Never cross the Great Magnet. I understood this now...
--From Fear and Loathing in Las Vegas : A Savage Journey to the Heart of the American Dream, by Hunter S. Thompson
American music at its finest speaks to the kernel truth of our existence in this strange land: as long as you look and act like you know what you're doing, and you're doing what you're supposed to, you can get away with anything. The root of Libertarian is Liberty, and the founding fathers of this country had well honed trigger fingers for all of life's tangible enjoyments. God and guilt were for Sunday...Monday through Saturday he could mind his own goddamned business.
For good or ill, I bark into a microphone every Saturday about alt country and why it's for me and for others, for the forgiveness of Nashville's sins. Every now and then, a record crosses the threshhold of the Mighty 1220 that is Processional, Epistle, Communion, and Recessional in 12 tracks and 4-part harmony.

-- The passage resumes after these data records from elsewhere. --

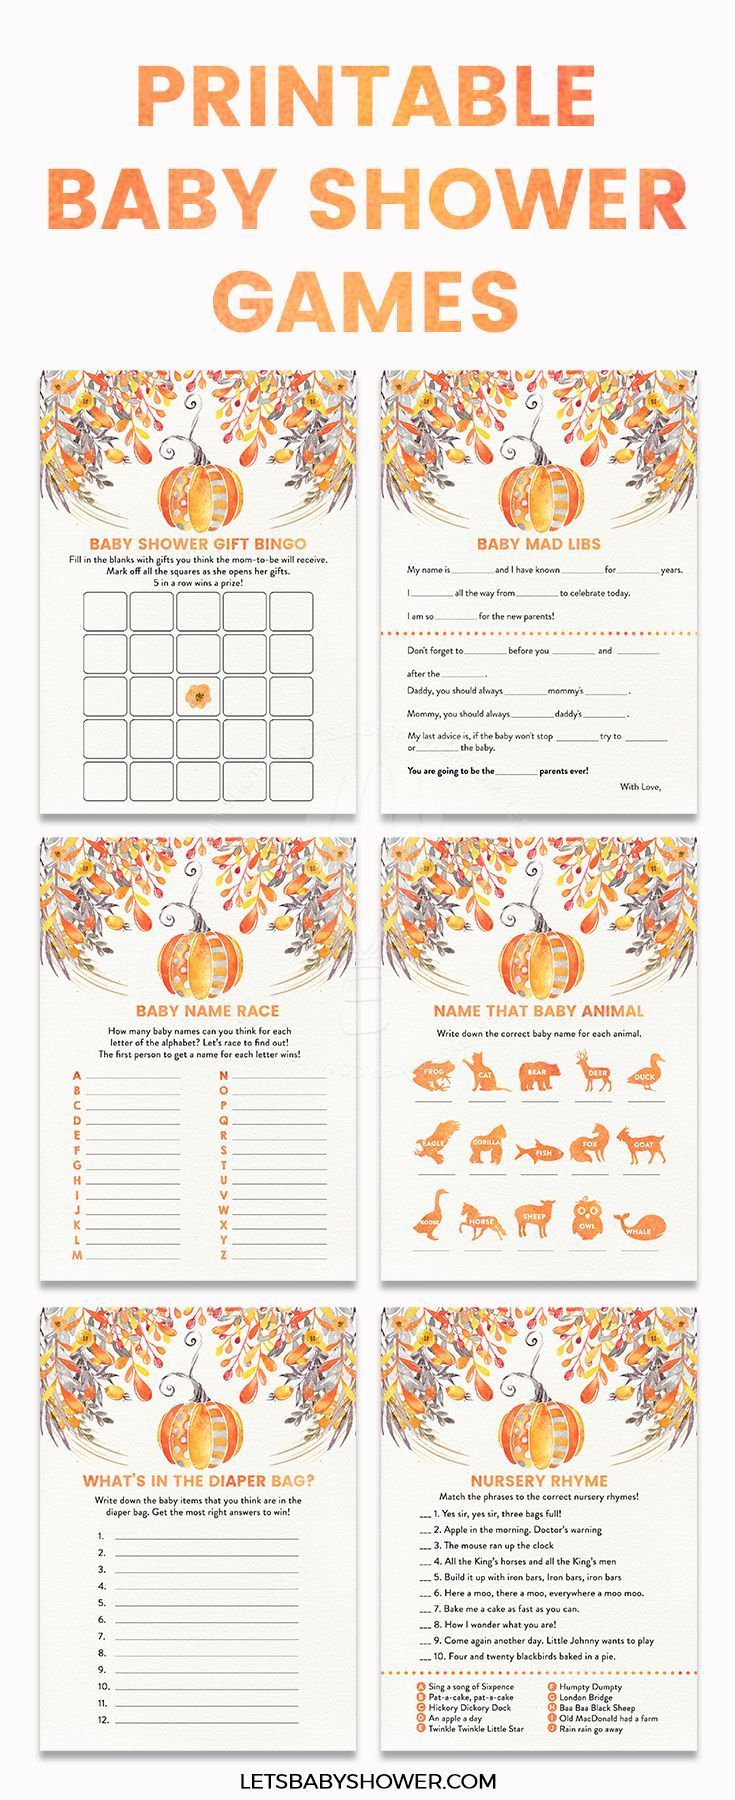 Printable Baby Shower: Fall Autumn Orange Pumpkin Baby Shower Idea for Boy or Girl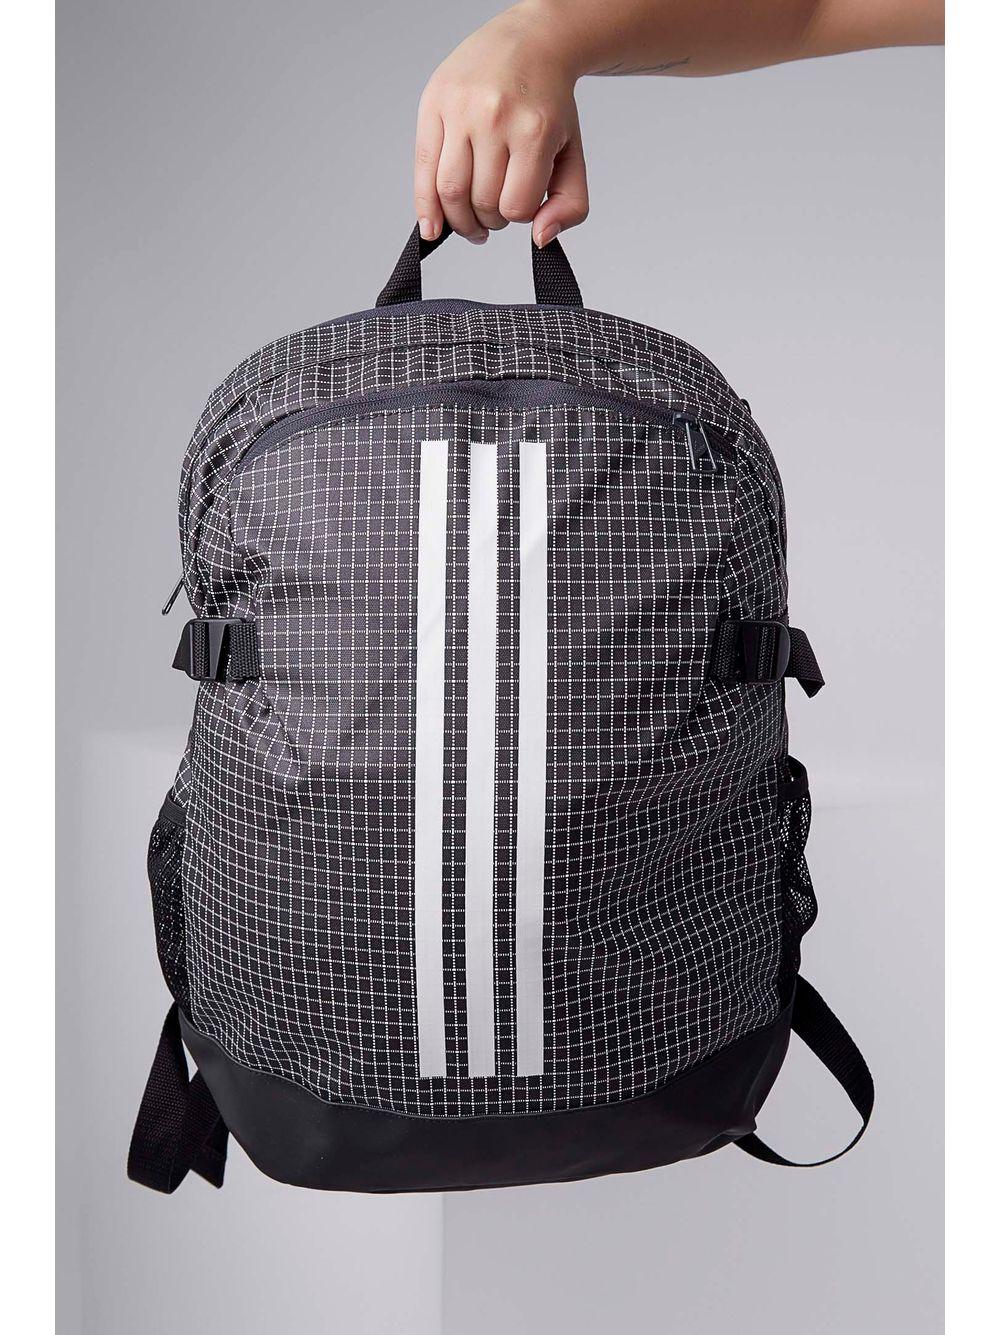 Mochila Adidas Power Pb Fabric Preto - pittol fdff1b79eeb9f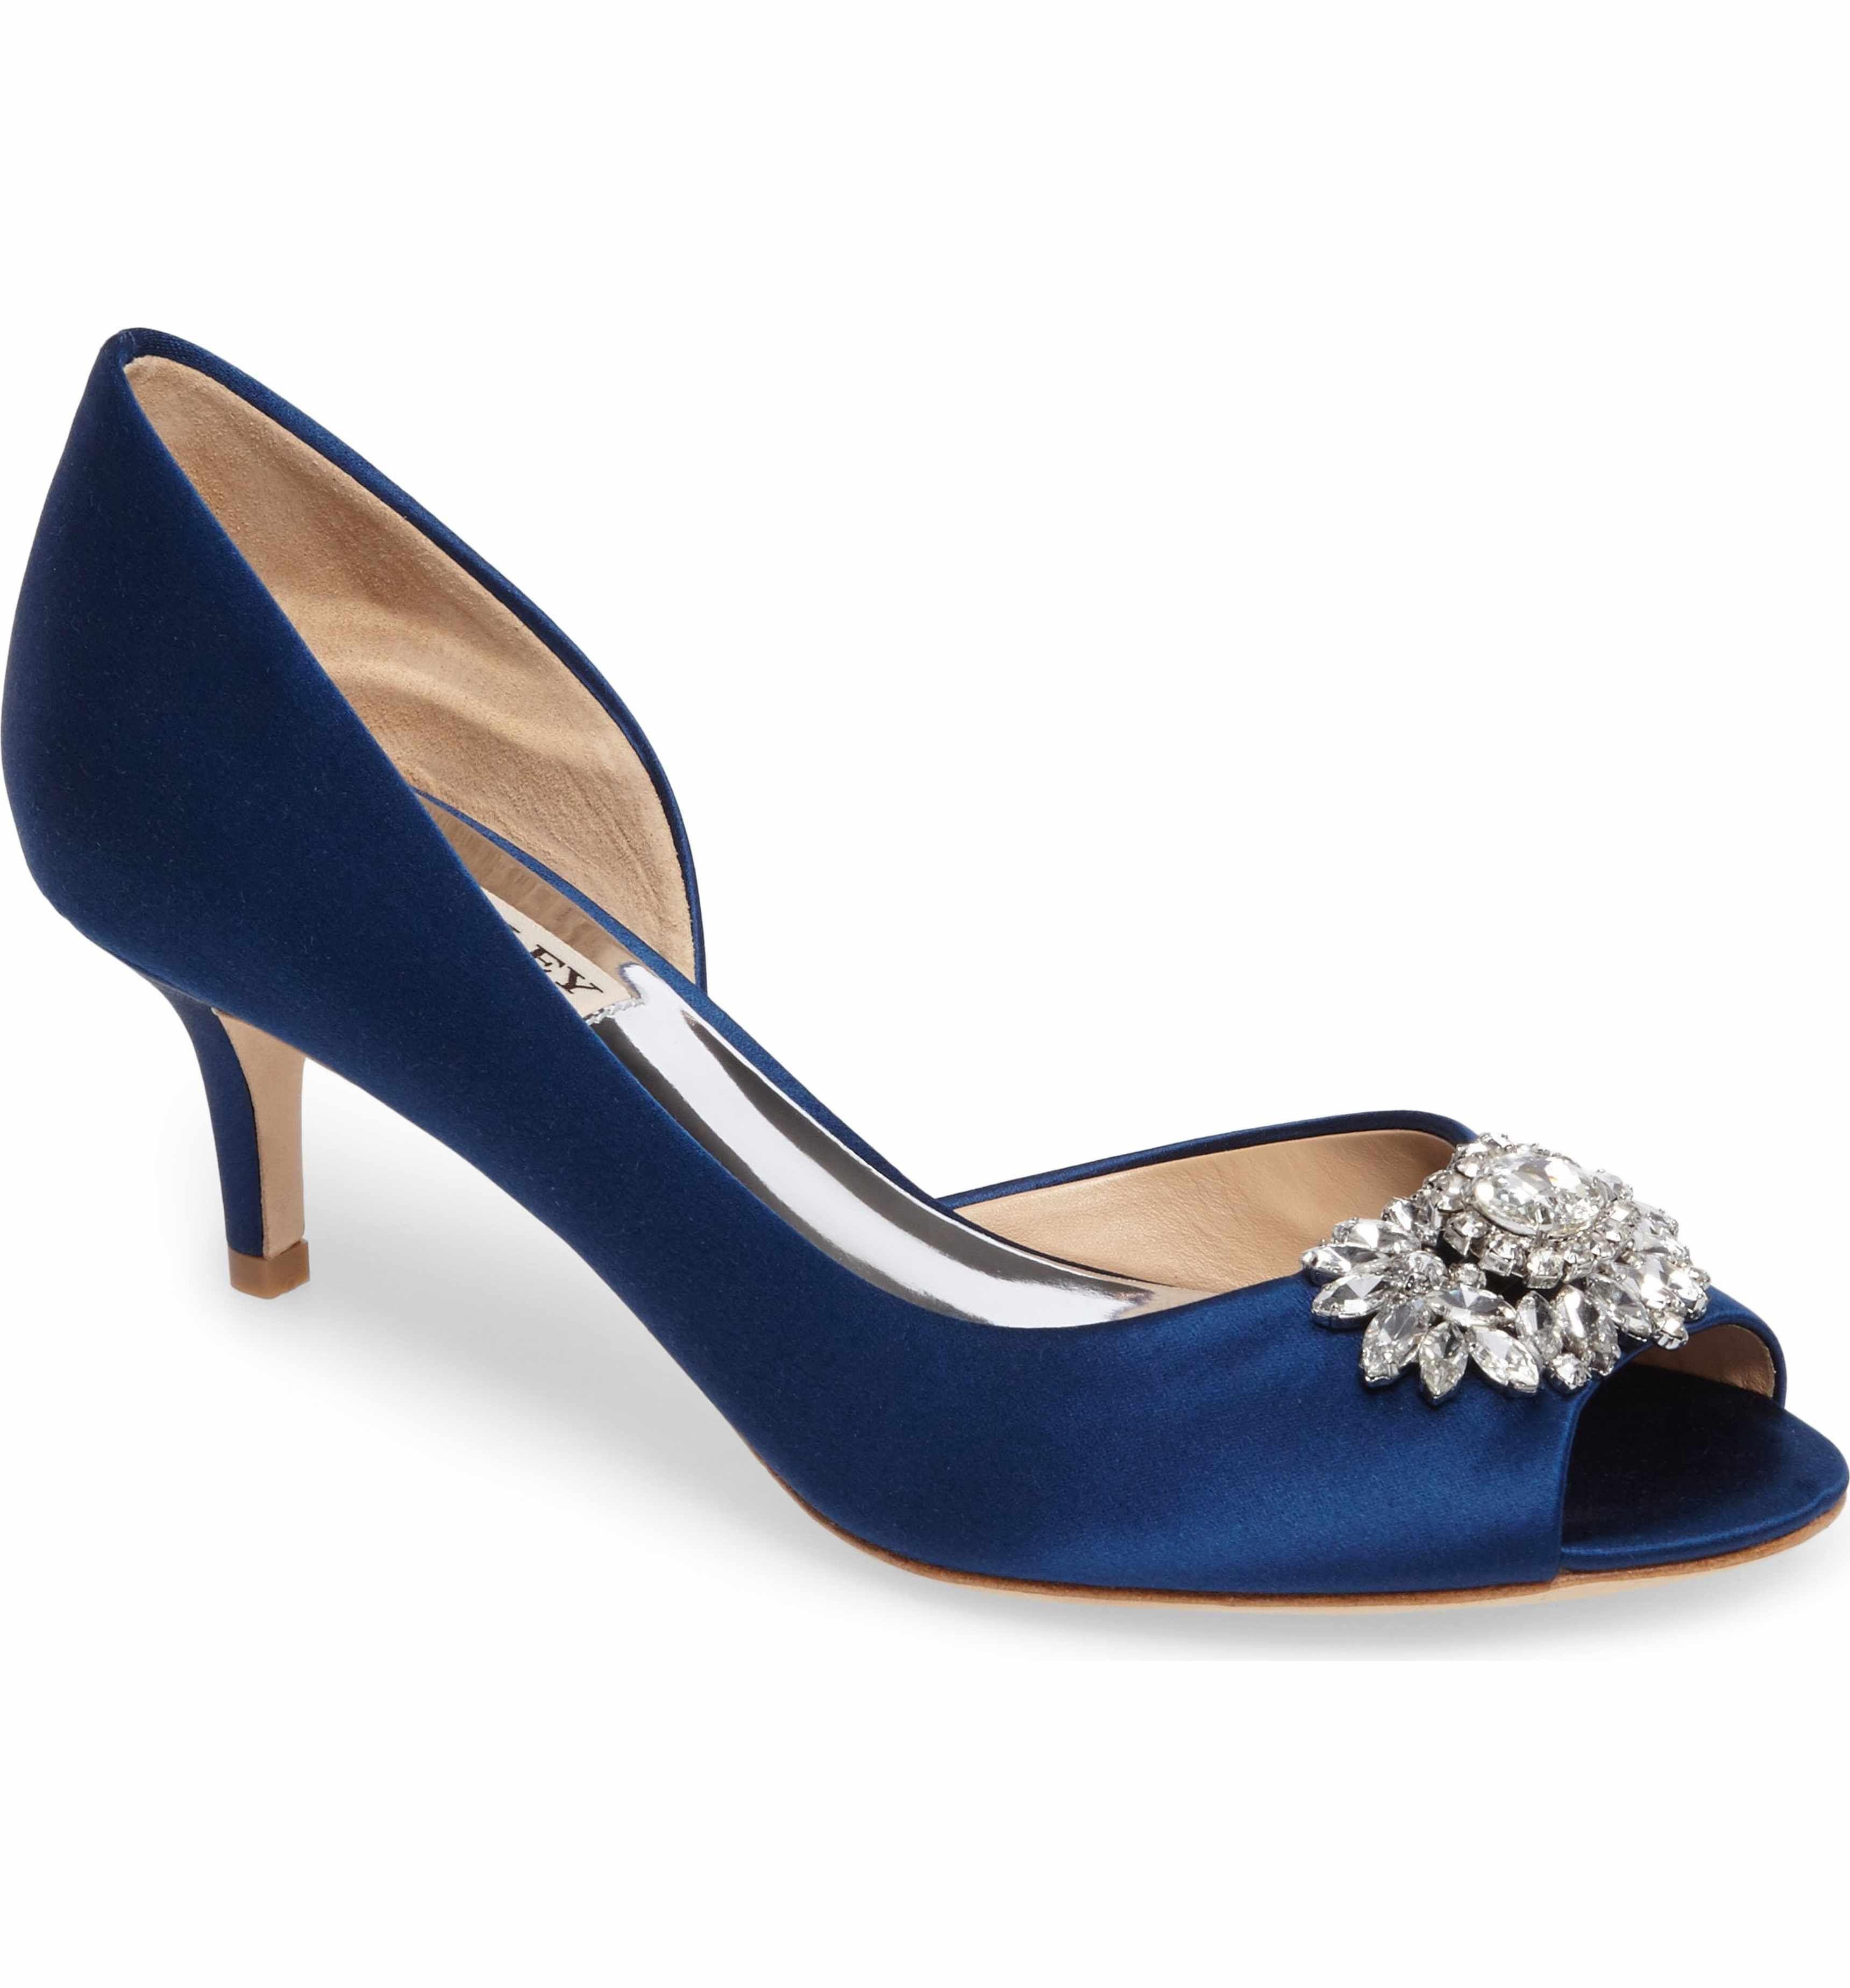 Bridal Shoes At Nordstrom: Badgley Mischka Macie Peep Toe D-Orsay Pump (Women

I've read a few scattered stories of this wild-eyed hillbilly they call Joe West, but I think it all comes down to the distinct possibility that he and I were separated at birth. Our gift and our achilles heel is that we can both talk or sing about everything and nothing all at once, and the most that can be said about either of us is that folks who know us like to have us around for the shock value. During full moons I've been known to jump into the phone booth and come out as Super Jack, and South Dakota HairDo just might be our hero's new soundtrack:
I'm a media mogul
and a macro biotic
I'm a yoga instructor
and a little neurotic
I soak it like a sponge
and I leak like a sieve
cuz I've come to accept
the truth is...relative
and i love to feel the oil
come across the sea
and i love to feel their coming
to comfort me
and i just made it through
security, cuz
I'm a survivor, I'm a survivor
I got mafia connections
I got corporate ties
I get off on the smell of your twist tied too fly
Just a poor boy doin' what I can
I'm a 21st century garbage man
--From "21st Century Garbage Man"
Maybe you've been force fed a pre-packaged American existence, with paved roads from your doorstep to your final destination. But there are people like Joe West in places like Santa Fe, New Mexico, singing songs about desperate South Dakotans with dirt under their nails and vacant expressions more indicative of fatigued guile than slow wit. I don't know Joe West's mother, but if she had been an old music groupie from back in the day, it would be hard to tell whether Lou Reed or Townes Van Zandt was Joe's daddy. I mean that as a compliment and a put down, all at once. When he comes to Lee's Liquor Lounge on Thursday, May 27th, I fully expect him to shake my hand, then punch me in the nose.